Framer Project History

Framer is one of my favorite projects. It was the first 'real' JS project I made, I think the first version was around 2012. It has consistently had some of my worst code and infrastructure. The deploy process is still either a shell script or a manually-installed WordPress plugin. It has years of tech debt stacked on it, has been through two major rewrites (which I generally avoid). The code has gone like this:

  1. Static HTML blob & some jQuery helpers in an inline script. Basically a form and a canvas element
  2. Separate JS/CSS files, served from a Drupal site, iframed on another site
  3. Ported to WordPress template + JS
  4. Rewritten using Svelte, still using canvas
  5. Rewritten using Svelte V3, now using SVG

The first three stages were all pretty much the same codebase, but with added if statements and special cases. This ended up being a few hundred lines of shit code, bunch of input event listeners, and obviously no tests. None of this particularly mattered since it was my code - I knew how it worked and didn't need to explain it to others. And more importantly, it did what it needed to do; we'd gone through what should be in the form, what the renderer should look like, tried a few different layouts. Code should do what is needed, cleanliness & structure is far less important (especially when working solo). It more or less stayed this way for several years, just quietly doing its job.

At some point I added version control so I could more safely make changes and keep track of things. Deployment was (and still is) hugely manual - run build, scp to server, do some cache invalidation. Again, not something that mattered. I was deploying very infrequently so it's hard to justify the time on deployment automation; both in terms of wasted effort and potential risk (scripts have bugs too!).

The first rewrite was mainly to check out Svelte - advertised as "the magical disappearing UI framework". This was driven by interest more than any business or performance need. The previous version was hardly lightening fast, but it was far from the slowest thing on the page. Svelte ended up being quite nice to use. My two regrets were not using a store from the start (state scattered throughout the app), and continuing to use canvas rather than SVG. Canvas limited how interactive the renderer could be (point and click would be annoying effort), and my canvas code wastruly terrible. I'm not a huge advocate of needless dryness, but there was some baaaad repetition in there. There was a function that took 6 arguments. All sorts of terrible shit.

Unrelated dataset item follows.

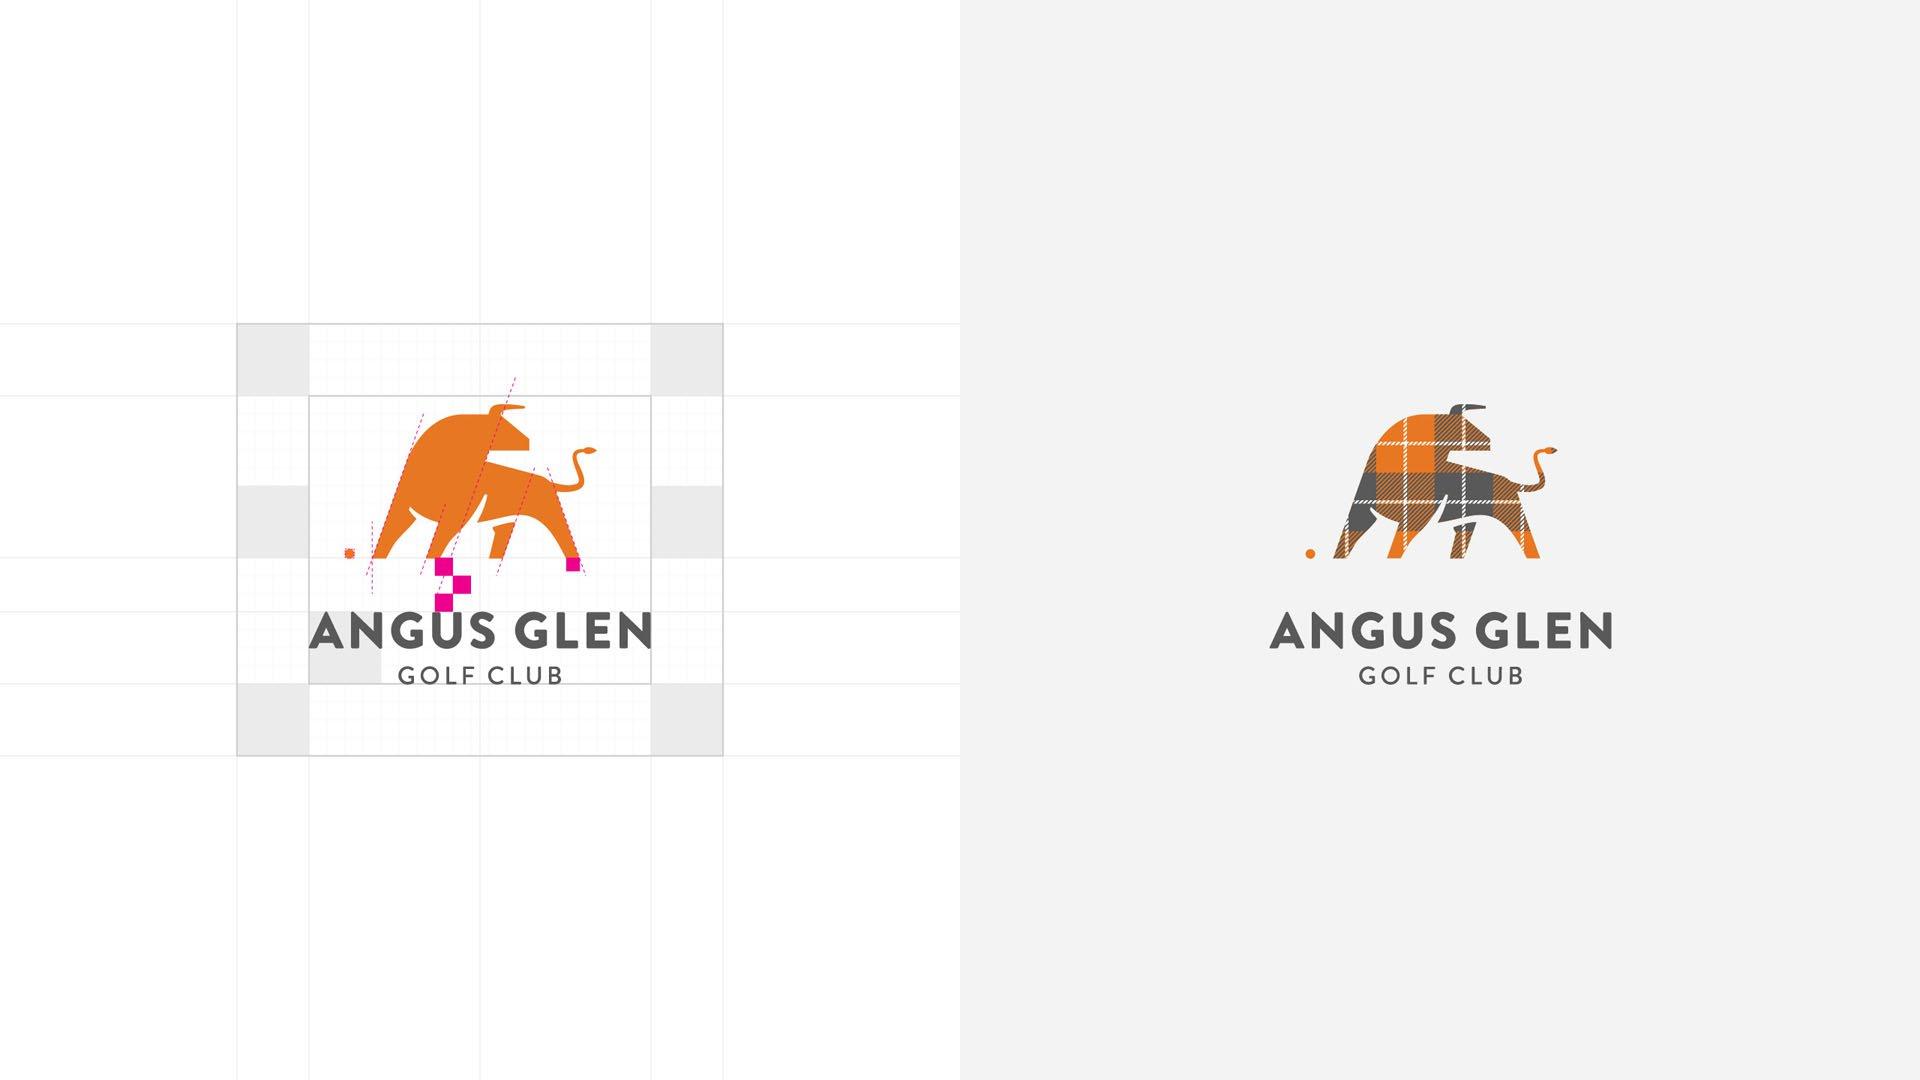 angus glen golf club overdrive design ltd

There was also a bunch of terrible WordPress glue code so it could load Woocommerce products, and add to cart. I wanted to write as little PHP/WP code as possible, so hacked together a working method using a few existing plugins and some hacks of my own. I added some e2e tests using Cypress, and setup a wordpress dev instance in Docker. Still too much effort to get this working in CI, but just running them on my local machine was enough validation that I hadn't destroyed everything when I made changes.

Svelte 3 came out sometime last year. I'd long held the opinion that I wouldn't rewrite framer, partly due to laziness, partly due to needless risk. But eventually I decided to give it a try. The GH issue for a migration guide gave the impression that there wouldn't be an offical guide or tool.It did offer a Svelte Translator, but that seemed like more complication that it was worth. I had a skim through the 2vs3 cheatsheet, and kept the Svelte examples page open, and just manually rewrote the form code. This time I started with a store to keep state simpler and centralised.

By the time I got up to writing the renderer, I thought I'd try using some derived values to draw an SVG. First pass at getting something that looked similar went from around 700lines of horrible canvas code to about an 80 line Svelte component. I started writing the components from scratch in a separate project, then when it was reasonably complete I move it to the existing wordpress plugin src directory, and just updated the outer component. Minimal amount of the glue code has changed, and functionally it's the same as before.

Eventually I should make it a proper WordPress plugin that uses real products, rather than just a custom fields product with custom pricing. But part of why I love this project is that it's mostly been optimized for enjoyment - I find easy solutions for things I don't want to work on, and can keep my focus on the interesting parts. The fact that a bunch of it is terrible glue code doesn't matter as long as it works.